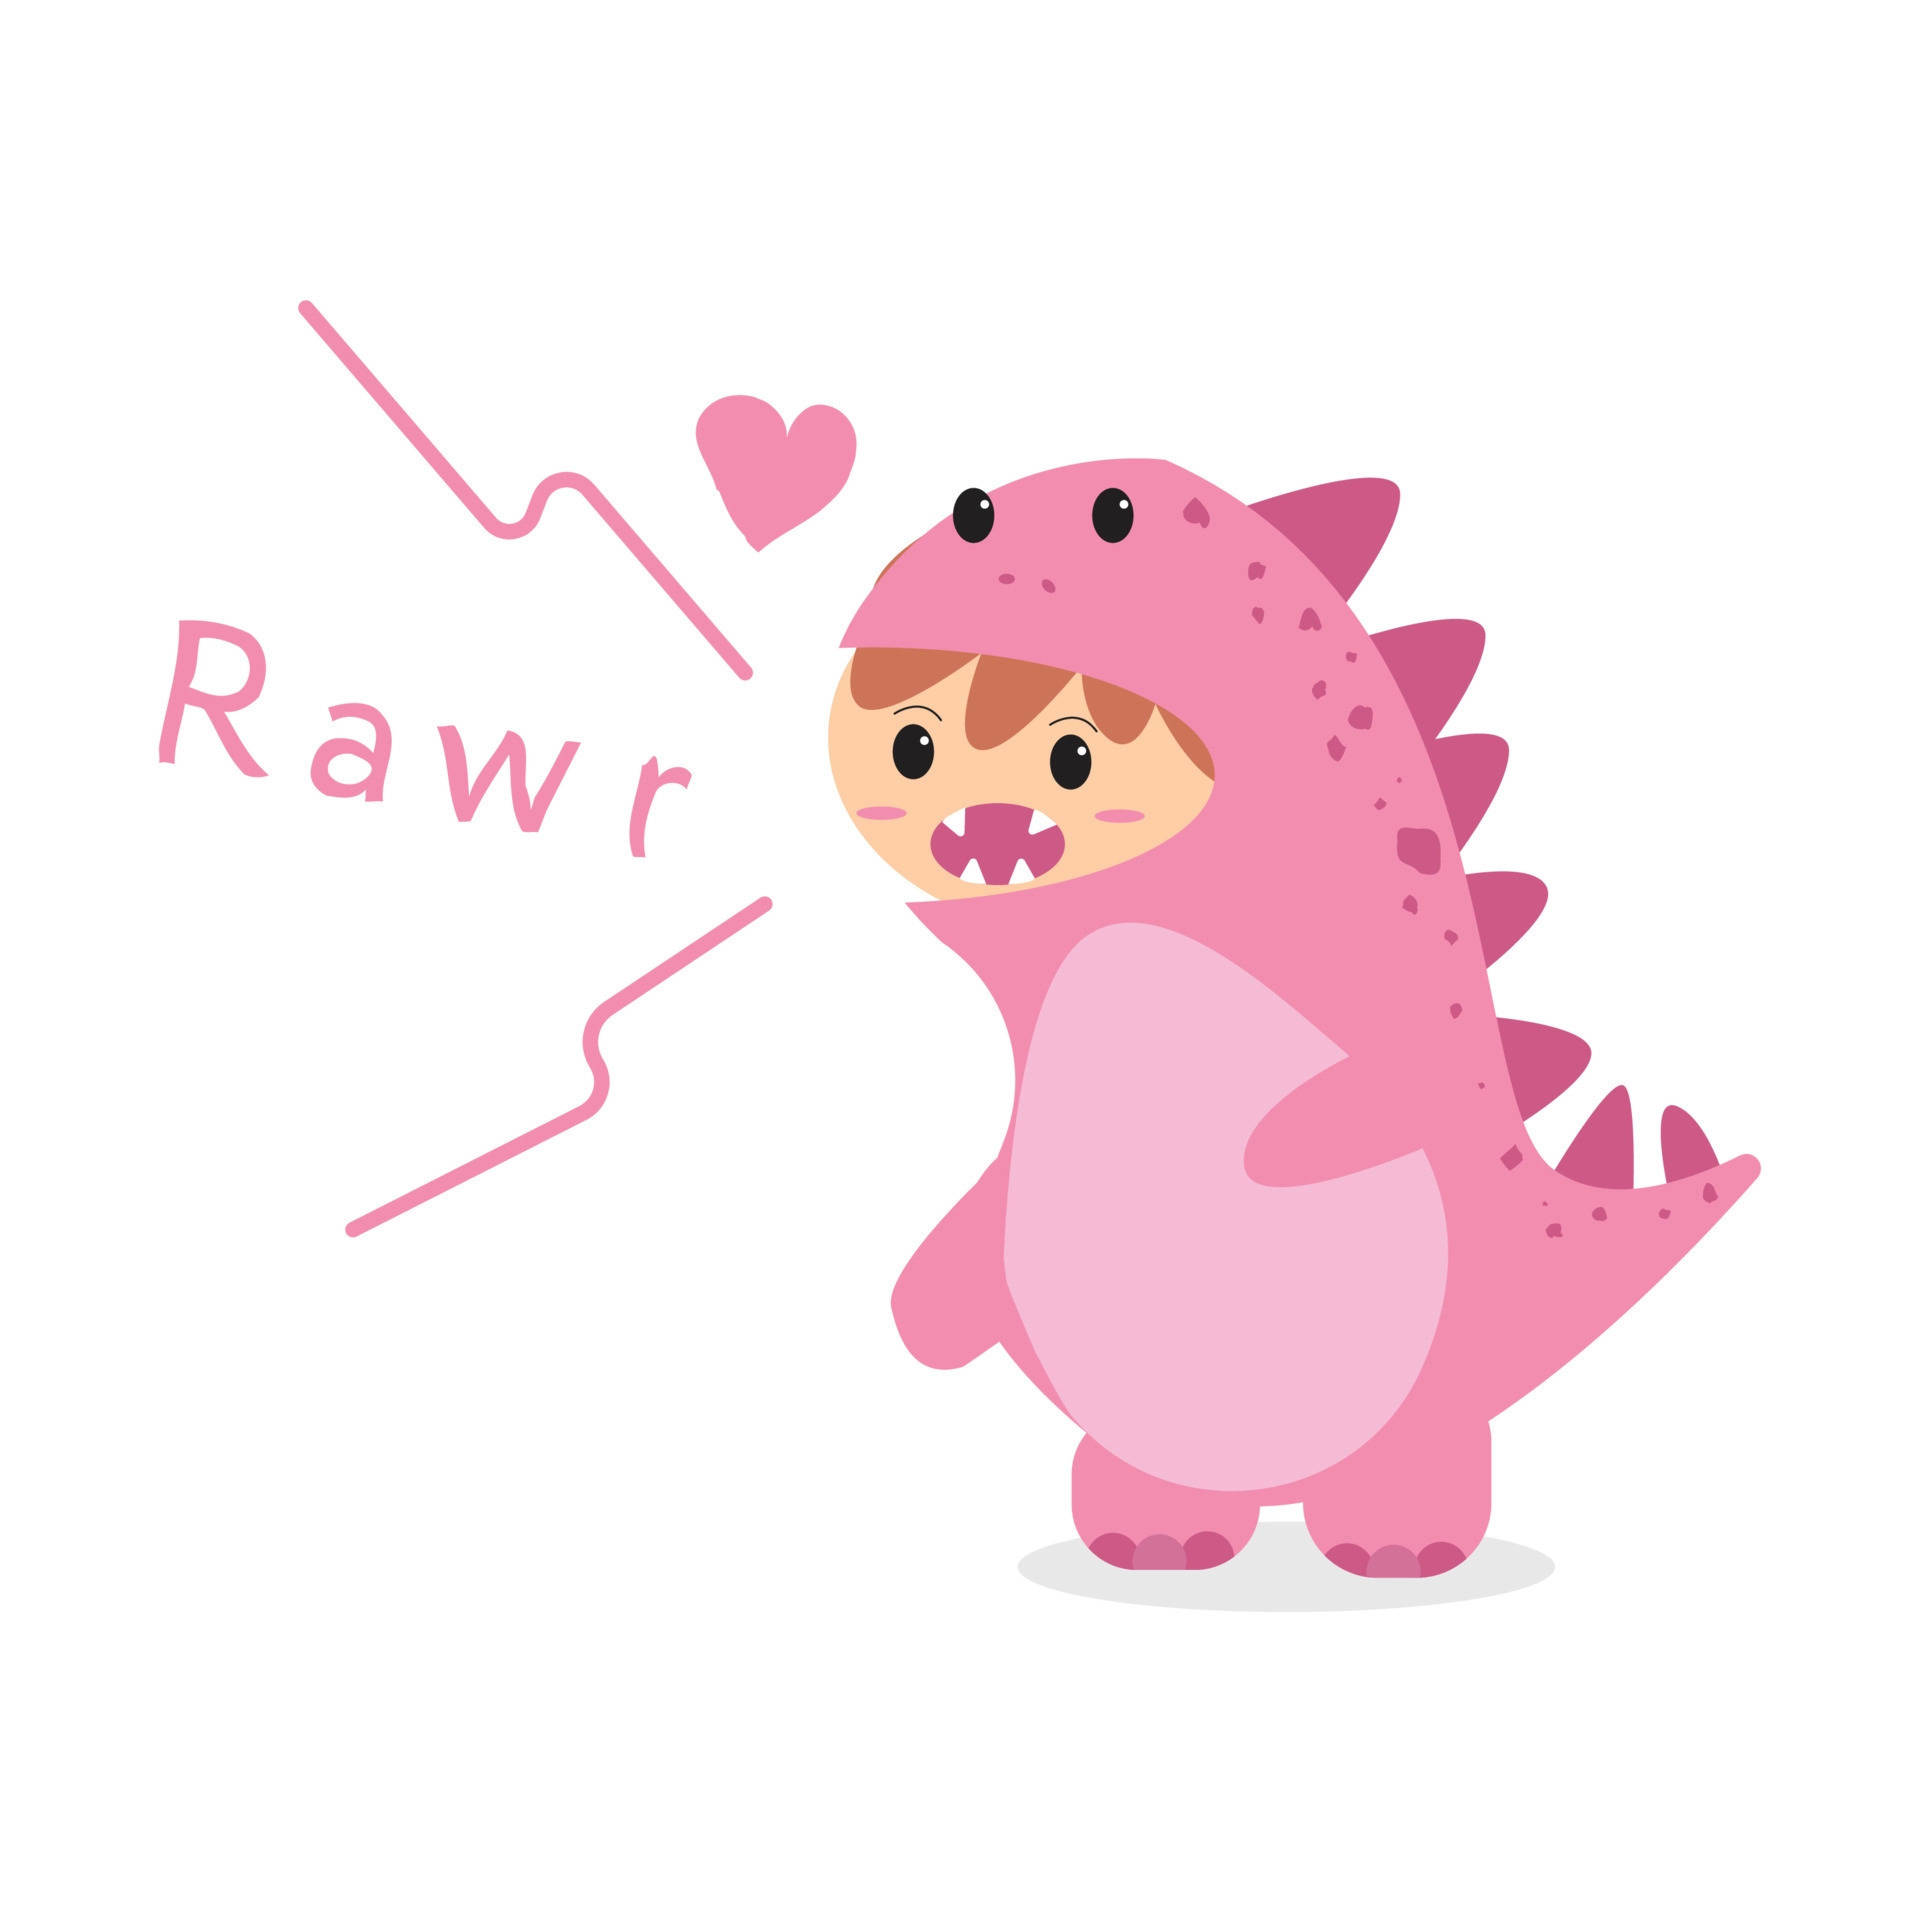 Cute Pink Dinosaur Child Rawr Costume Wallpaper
--
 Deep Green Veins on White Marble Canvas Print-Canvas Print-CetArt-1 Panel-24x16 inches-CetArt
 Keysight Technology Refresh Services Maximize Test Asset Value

**Task brief:** The answer is the run of lines above from the line containing "Deep Green Veins" through the line containing "Keysight Technology Refresh", copied exactly and alone.

**Solution:**
 Deep Green Veins on White Marble Canvas Print-Canvas Print-CetArt-1 Panel-24x16 inches-CetArt
 Keysight Technology Refresh Services Maximize Test Asset Value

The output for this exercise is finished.